Powrót do szkoły po raz kolejny był dla mnie jednym z lepszych dni w roku, jednak wciąż towarzyszyła mi obawa. Wiedziałam, że mogłam się dziwnie zachowywać i nie mogłam pozwolić, aby ktoś zauważył zmiany, jakie we mnie zaszły.
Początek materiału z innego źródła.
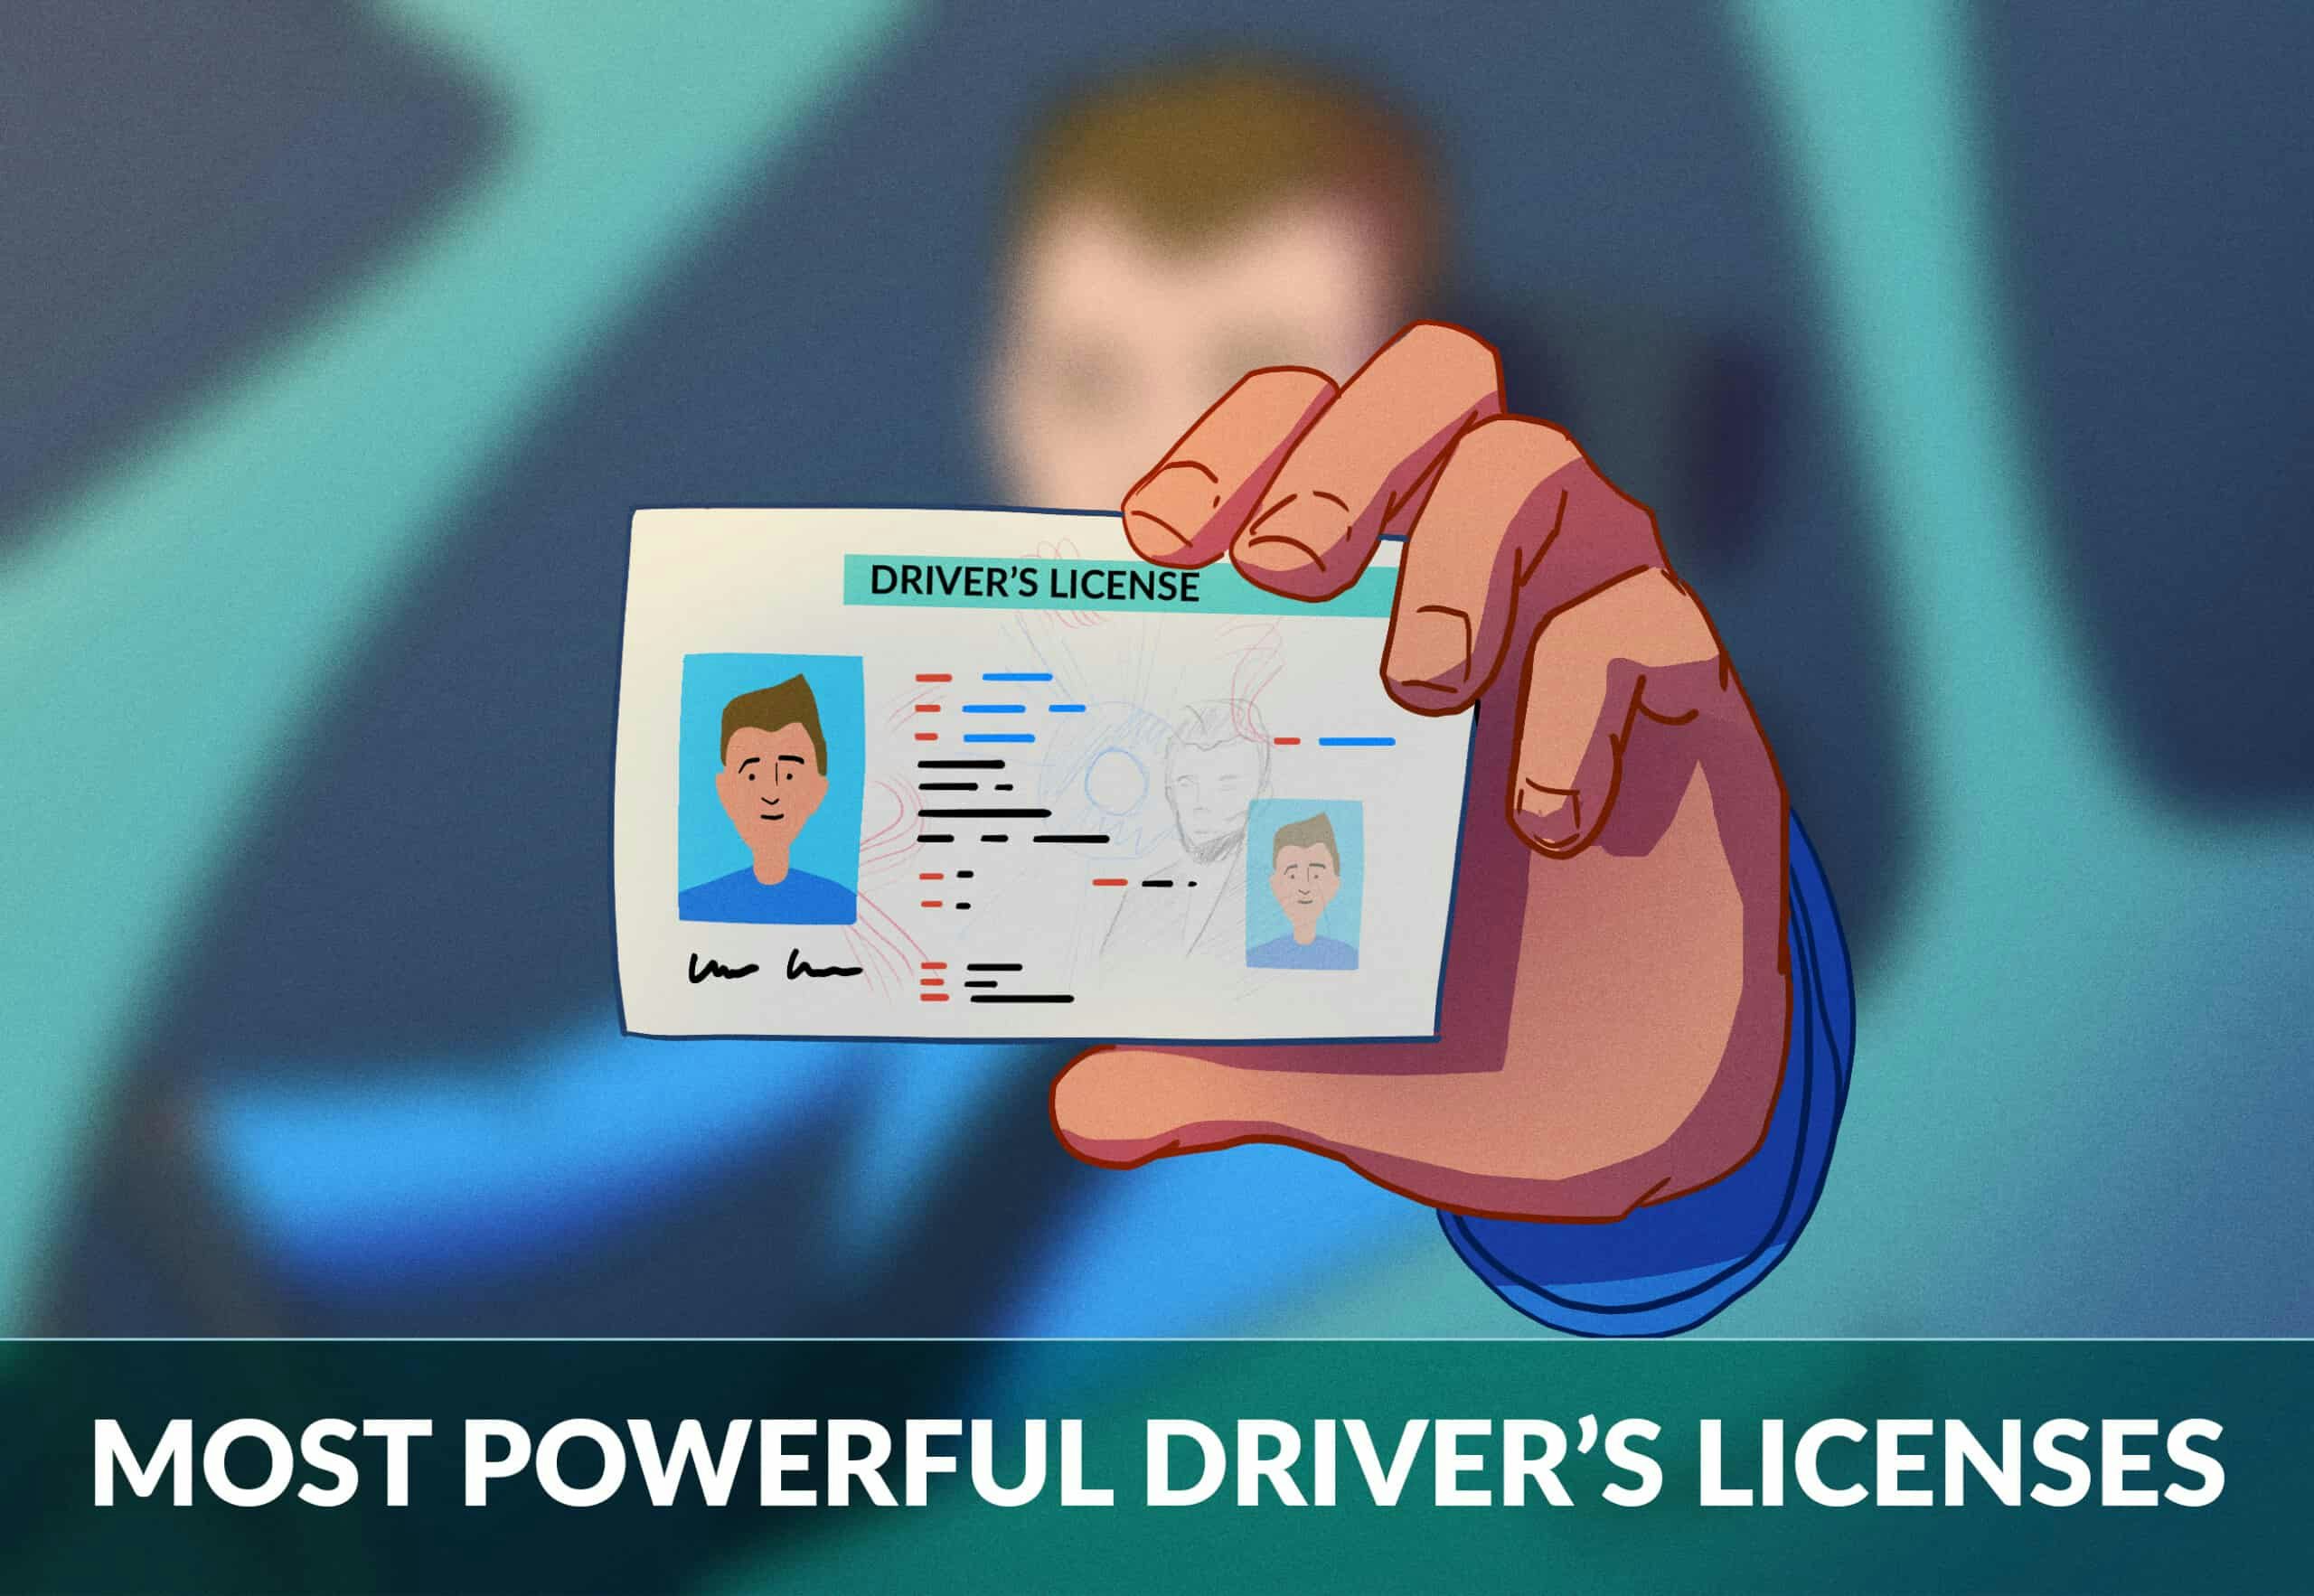 The world's most powerful drivers licenses
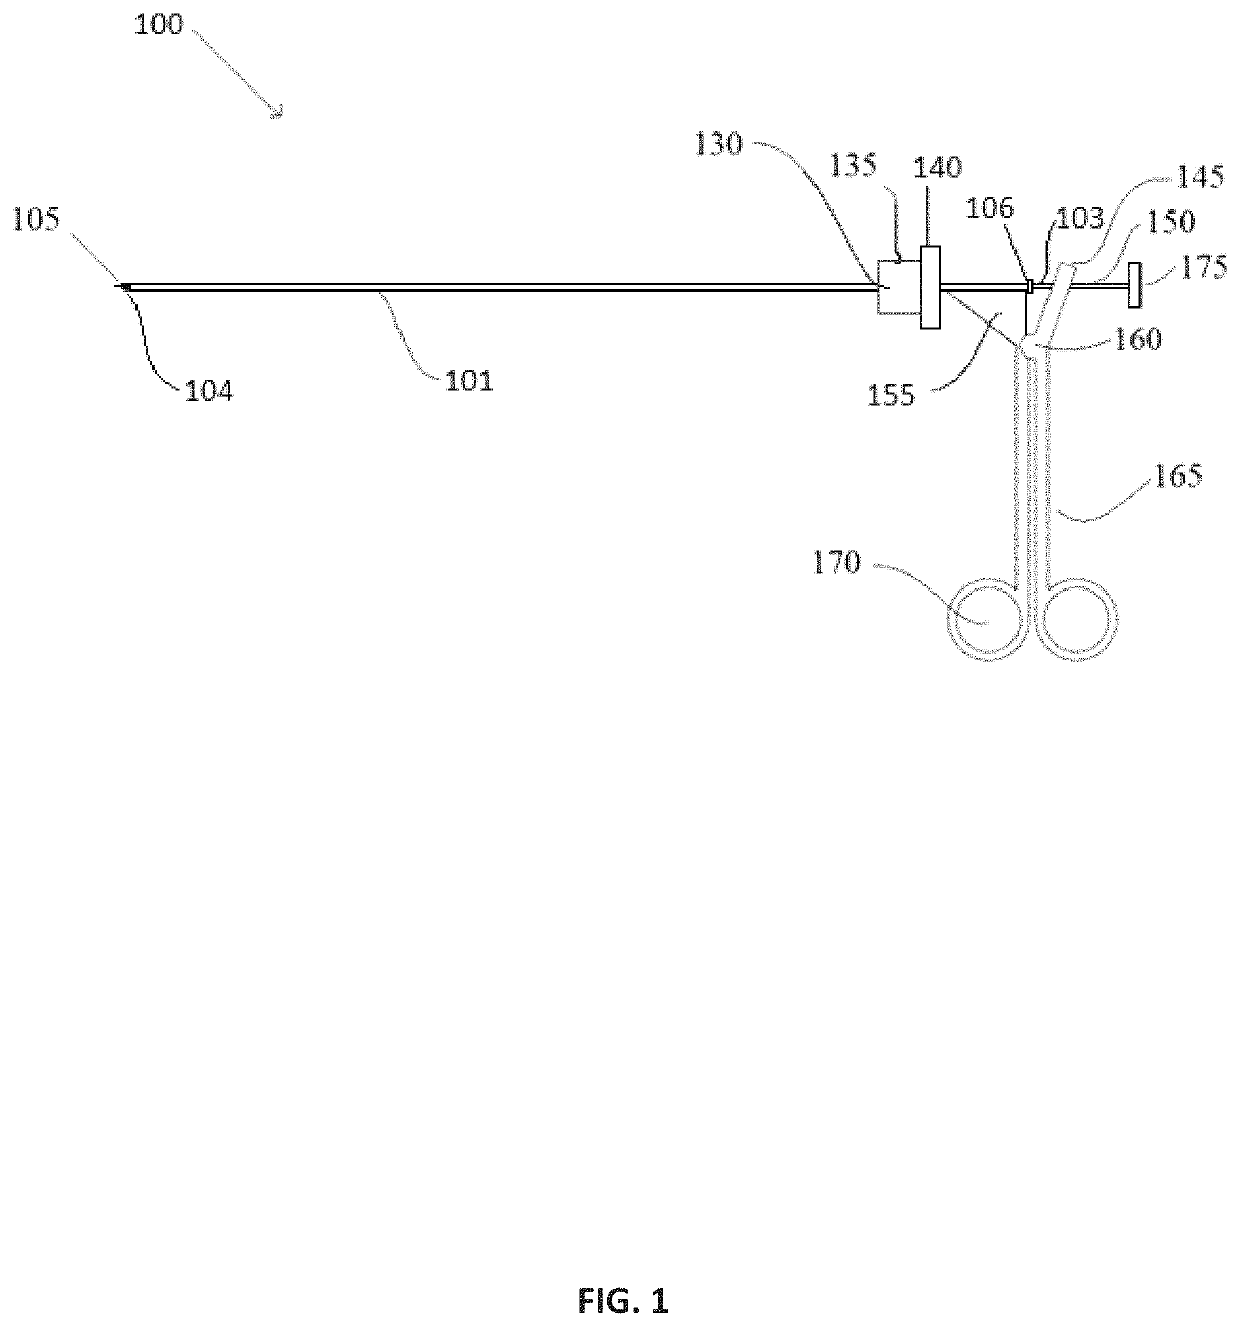 Assembly for doubly securing needlescopic instrument shafts to laparoscopic instrument heads

Musiałam udawać, że wszystko jest dobrze i powoli zaczynała się rodzić we mnie nienawiść do samej siebie za to co robiłam. Wystarczyło, żebym zgłosiła któremuś z nauczycieli co dzieje się w moim domu, a mogłabym zyskać upragniony spokój. Niestety nie potrafiłam tego zrobił, przez co cały czas tkwiłam w tym okropnym miejscu z którego nie potrafiłam uciec. Za każdym razem było coraz gorzej, a ja wmawiałam sobie, że następnym razem do tego nie dojdzie.

- Lea, czy możesz odpowiedzieć na moje pytanie?- zapytała McGonagall, a ja spojrzałam na nią zaskoczonym spojrzeniem.

- Przepraszam, pani profesor, ale nie słuchałam- przyznałam cicho, patrząc na swoje notatki, a właściwie niemalże pusty pergamin.

Usłyszałam stukot jej butów, kiedy szła powoli w stronę mojej ławki. Czułam, że wszyscy patrzą w moją stronę i strasznie mnie to stresowało. Miała wrażenie, jakby wszyscy mieli za chwilę zobaczyć moje rany i siniaki. Wiedziałam, że gdyby wszystko się wydało w tamtej chwili po prostu bym nie wytrzymała. To zupełnie co innego, kiedy wie kilka osób, niż gdyby nagle dowiedzieli się wszyscy. Zaczęłam nagle słyszeć głosy, których wcale nie było, jakby wszyscy plotkowali między sobą na mój temat. Poczułam, że moja ciało zaczyna nerwowo reagować, więc zaczęłam poruszać lekko stopą, co zawsze pomagało mi uspokoić resztę ciała. Cisza, która panowała w sali, sprawiała, że jeszcze bardziej się denerwowałam i chciałam po prostu zniknąć.

W końcu kobieta zatrzymała się przy mojej ławce, a ja nie miałam w sobie wystarczająco odwagi, aby na nią spojrzeć, więc po prostu nie odrywałam wzroku od pergaminu. Miałam wrażenie, że w tamtej chwili wszyscy na chwilę przestali oddychać, lub po prostu to ja zatrzymałam powietrze w płucach. Nauczycielka musiała spojrzeć na moje notatki, ponieważ usłyszałam jak cicho westchnęła z irytacją. Przez chwilę panowała cisza, która wywiercała mi dziurę w głowie, aż w końcu McGonagall kazała mi wstać ze swojego miejsca. Wykonałam jej polecenie, jednak bardzo się przy tym ociągałam. Poczułam, ból w nodze, kiedy podnosiłam się z krzesła, jednak dzięki patrzeniu w notatki byłam pewna, że nikt tego nie zauważył. Czułam ból w kilku miejscach, jednak jakimś cudem udało mi się nie wydać z siebie żadnego dźwięku.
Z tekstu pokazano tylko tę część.